▸ **Records supplied**
# # # #
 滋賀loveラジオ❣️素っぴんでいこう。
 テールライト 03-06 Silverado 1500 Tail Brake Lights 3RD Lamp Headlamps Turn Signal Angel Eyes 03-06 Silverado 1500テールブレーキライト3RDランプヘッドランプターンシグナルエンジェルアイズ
# # # #
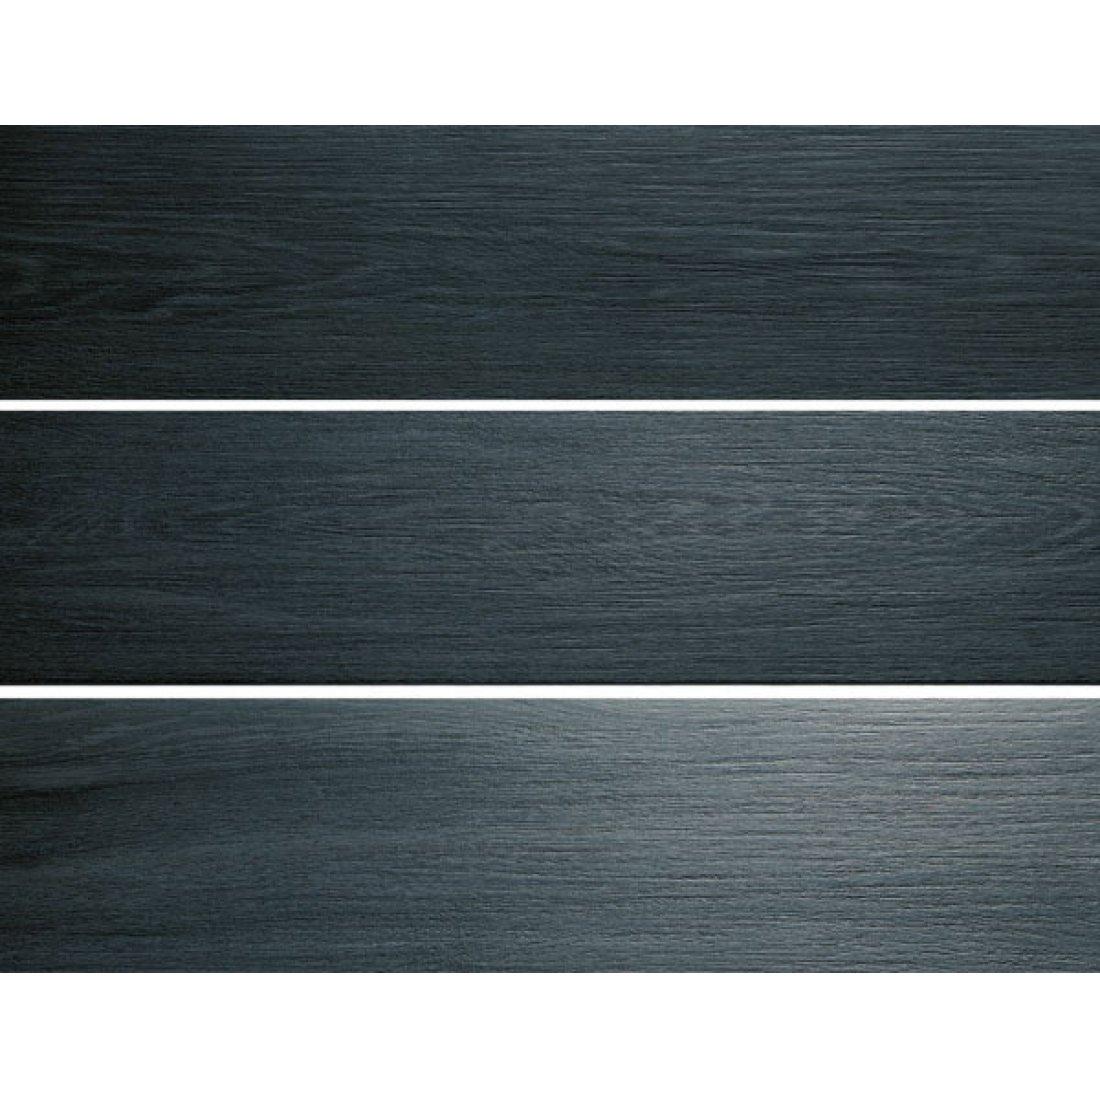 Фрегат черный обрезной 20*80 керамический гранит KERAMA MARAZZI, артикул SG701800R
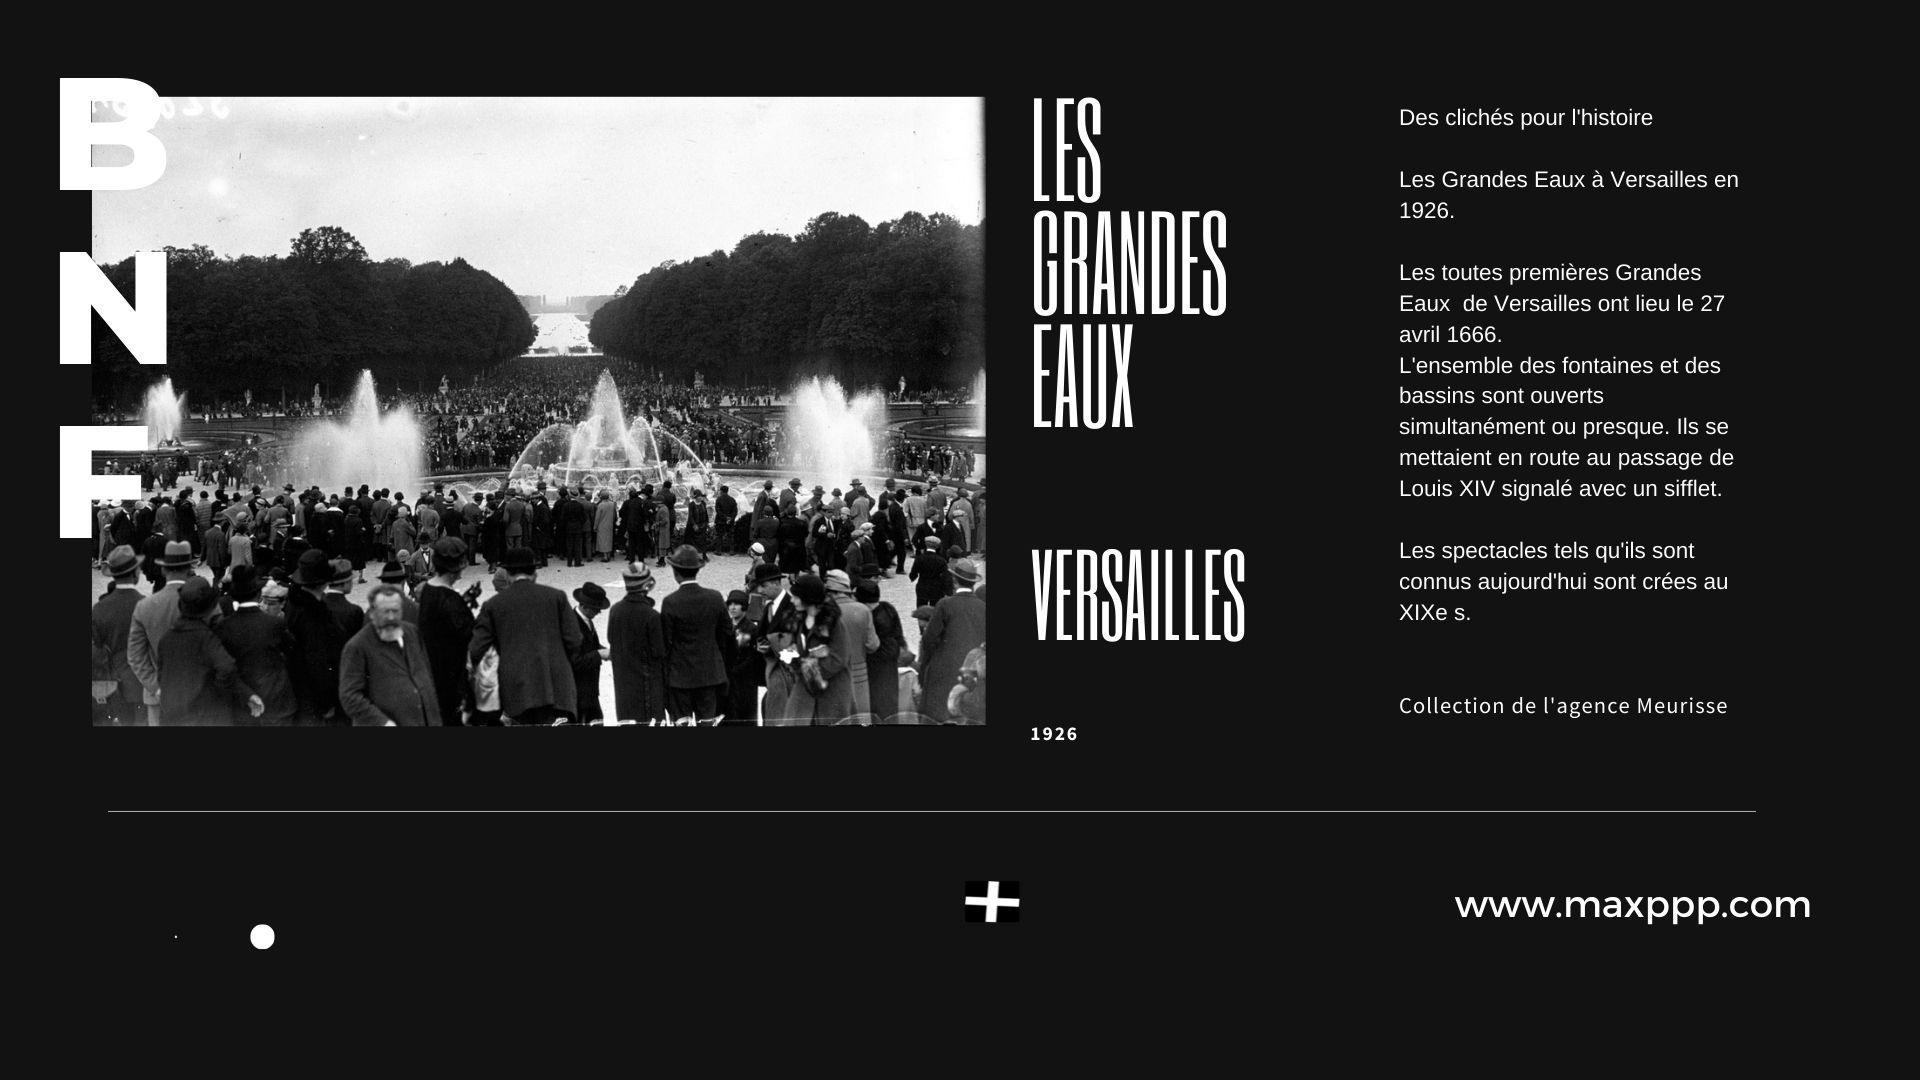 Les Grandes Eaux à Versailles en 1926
# # # #
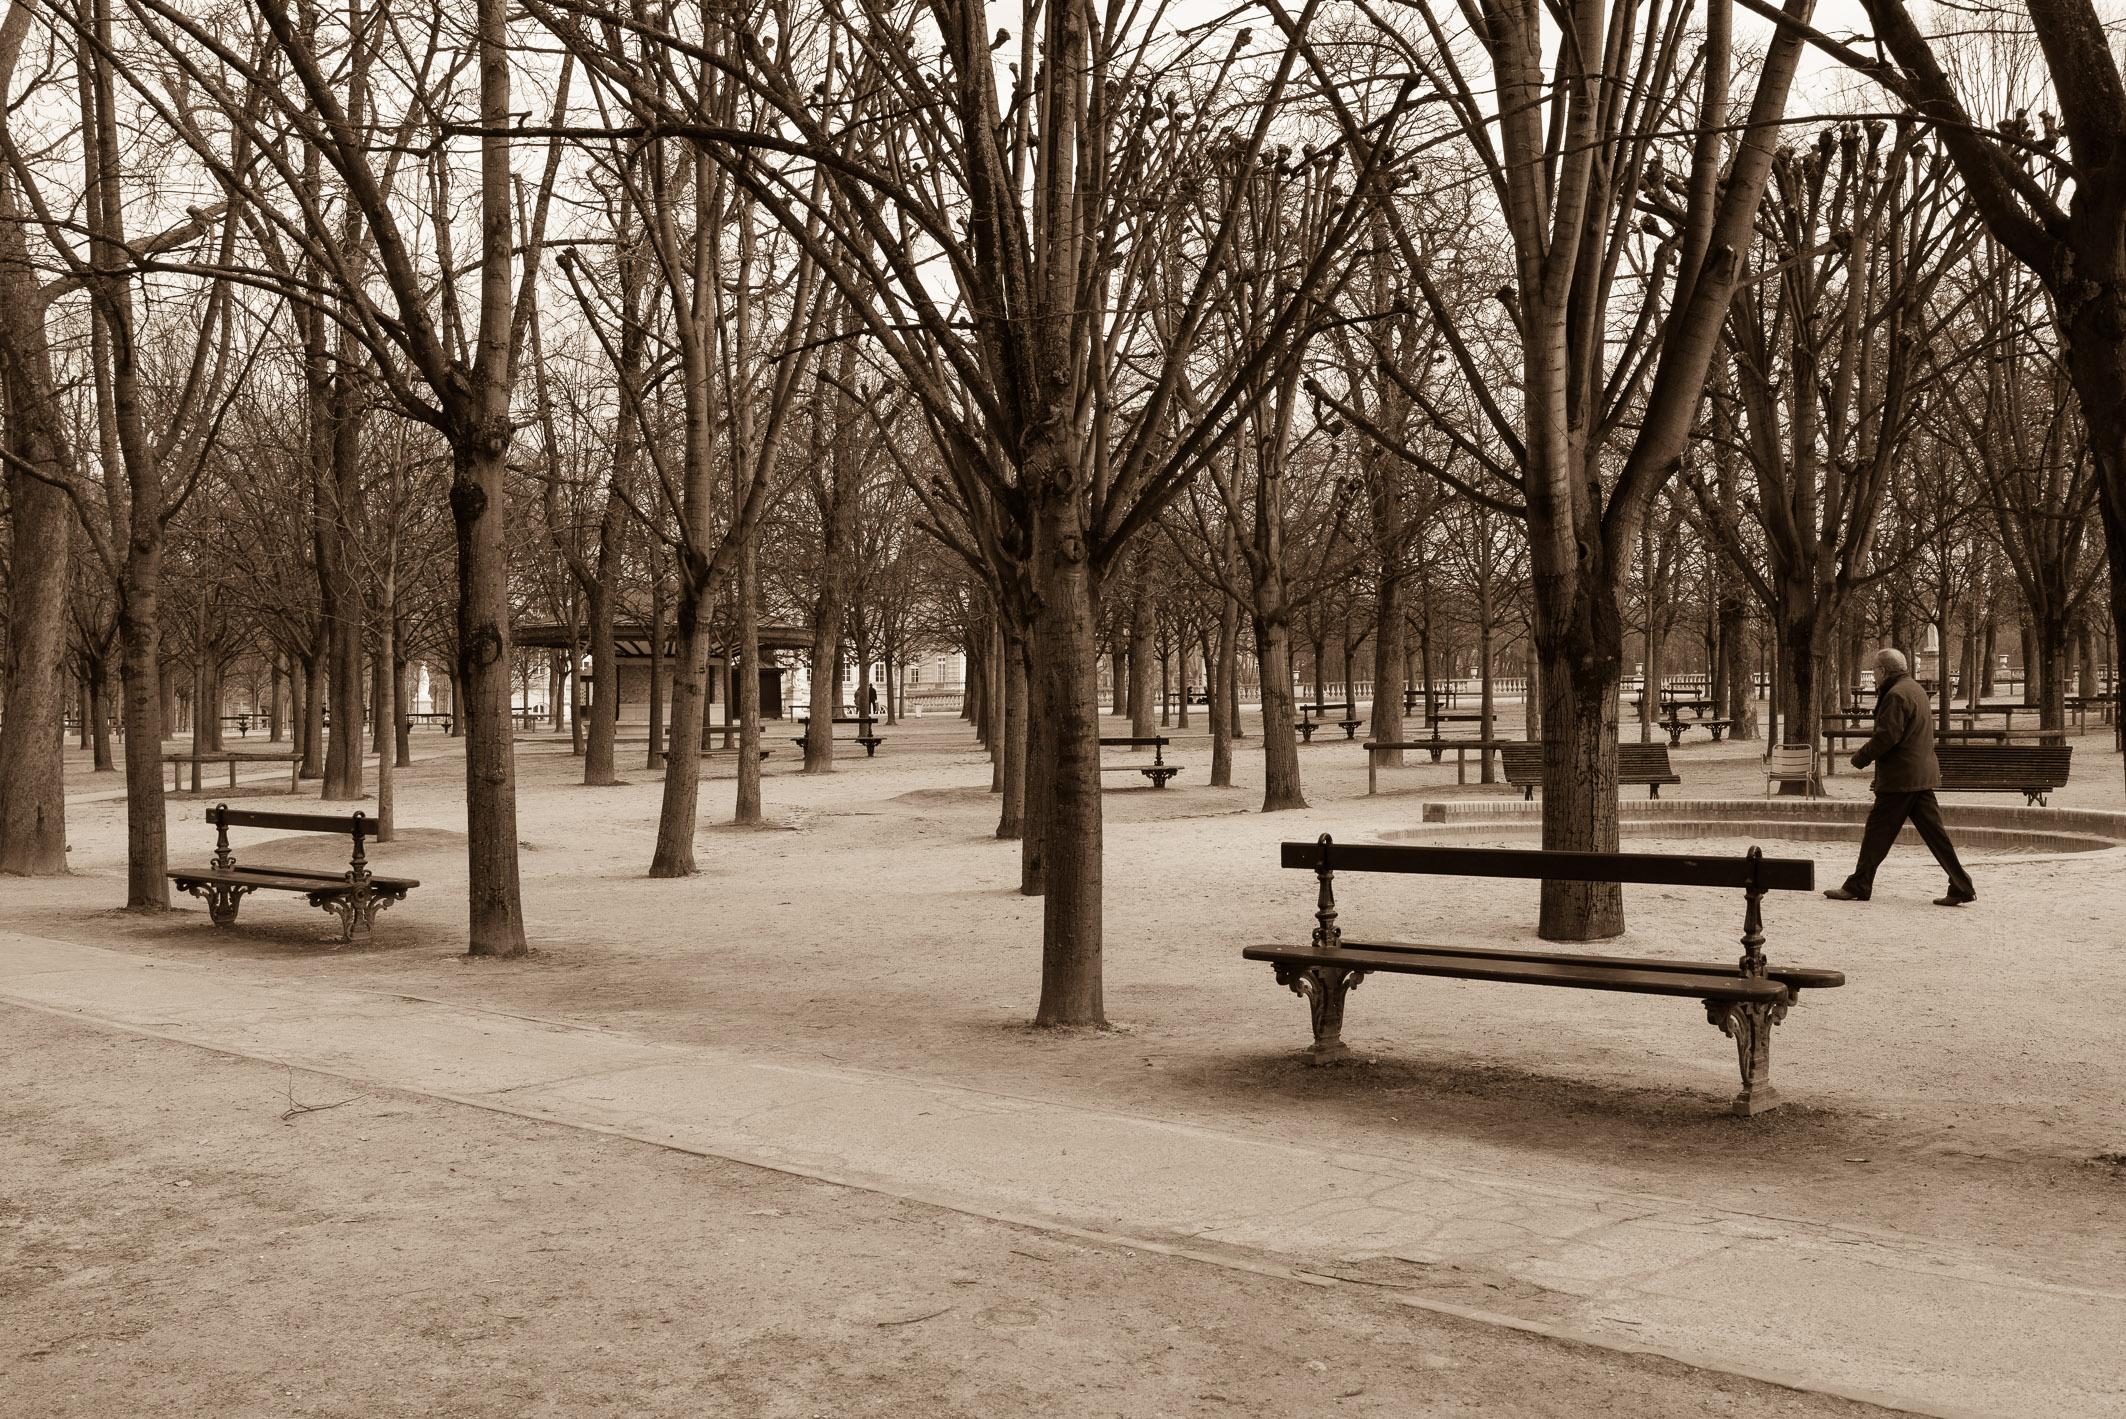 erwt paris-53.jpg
# # # #
▸ **Task to carry out**
Give back precisely the lines above that start at the line containing "滋賀loveラジオ❣️素っぴんでいこう。" and end at the line containing "テールライト 03-06 Silverado", inclusive. No other lines belong in the output.

▸ **Exercise solution**
 滋賀loveラジオ❣️素っぴんでいこう。
 テールライト 03-06 Silverado 1500 Tail Brake Lights 3RD Lamp Headlamps Turn Signal Angel Eyes 03-06 Silverado 1500テールブレーキライト3RDランプヘッドランプターンシグナルエンジェルアイズ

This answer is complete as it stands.